“My responsibility is to help build relationships between you and the forest,” Pat Bavin told his five forest therapy guests as he led us into the woods at Radius Retreat.

Mr. Bavin’s goal with each group session is to help people let go of the stress and worries of their lives and learn to relax.

“Ideally the whole concept is to bring you into the present,” he said. “We want no ripples in the brain. Nice and calm.”

As we settled on tree stumps arranged in a circle, he invited us to remove our shoes and notice how the ground felt beneath our feet.

He led us from one sense to the next as we noticed the sounds of the breeze in the trees, the scent of our sleeves, and the colourful shapes in the woods. Then we went for a walk as slow as puppies riveted by every new smell or quivering leaf.

Once we were good and settled – after I had admired the amber gleam of a trickle of sap, after I had touched the springing softness of a bed of moss – Mr. Bavin had an assignment for us.

“Follow your body to a tree,” he said. “Let the roots of your feet mix with the roots of the forest.”

We dispersed silently to follow his instructions and to glean whatever wisdom our chosen trees had to offer. Mine, a stately conifer so tall I had to crane my neck to see the top, was curved at its base and as inviting as chair, which I nestled into.

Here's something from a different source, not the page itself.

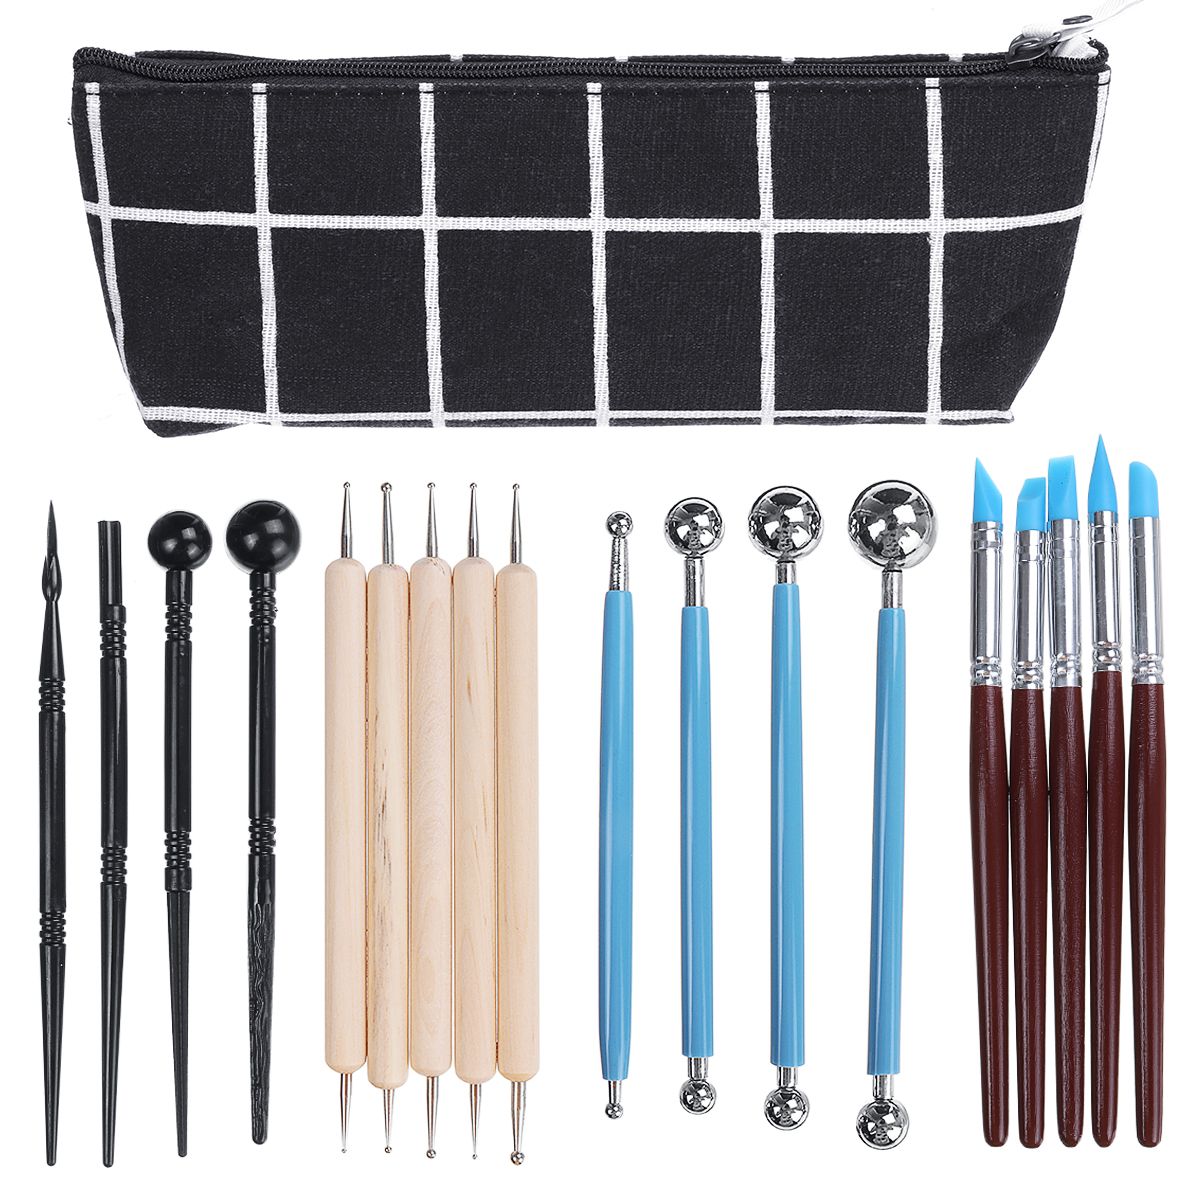 18pcs-Clay-Sculpting-Carving-Pottery-Tools-Kit-Wax-Polymer-Shapers-Modeling-DIY-Craft-1517939

Asked for a single word to describe how they were feeling after enjoying the company of their tree, the guests responded with: “freedom,” “joy” and “ease.”

Following our session, Anne Douglas said she had felt better instantly when she followed Mr. Bavin into the woods and “dropped into a sense of inner stillness and peace.”

That relaxation is normal when we go outside and engage our senses to experience the natural world, Mr. Bavin said, adding that he can see the changes taking place in his guests. Eyes soften. Shoulders drop. Breathing deepens.

“I see and feel an even deeper, relaxed shift in people as they venture off to engage with their forest invitation,” he said. “It really helps to mirror yourself with all things living in the forest and not get caught up in the fear of our world.”

Mr. Bavin credits Forest Therapy for helping him navigate his grief after his wife Bonnie, who had been stricken with cancer, passed away earlier this year.

Nature teaches us by example “to live life and carry on,” he said. “It’s helping me to heal, and through that I’m also working quite a bit with people who are also healing.”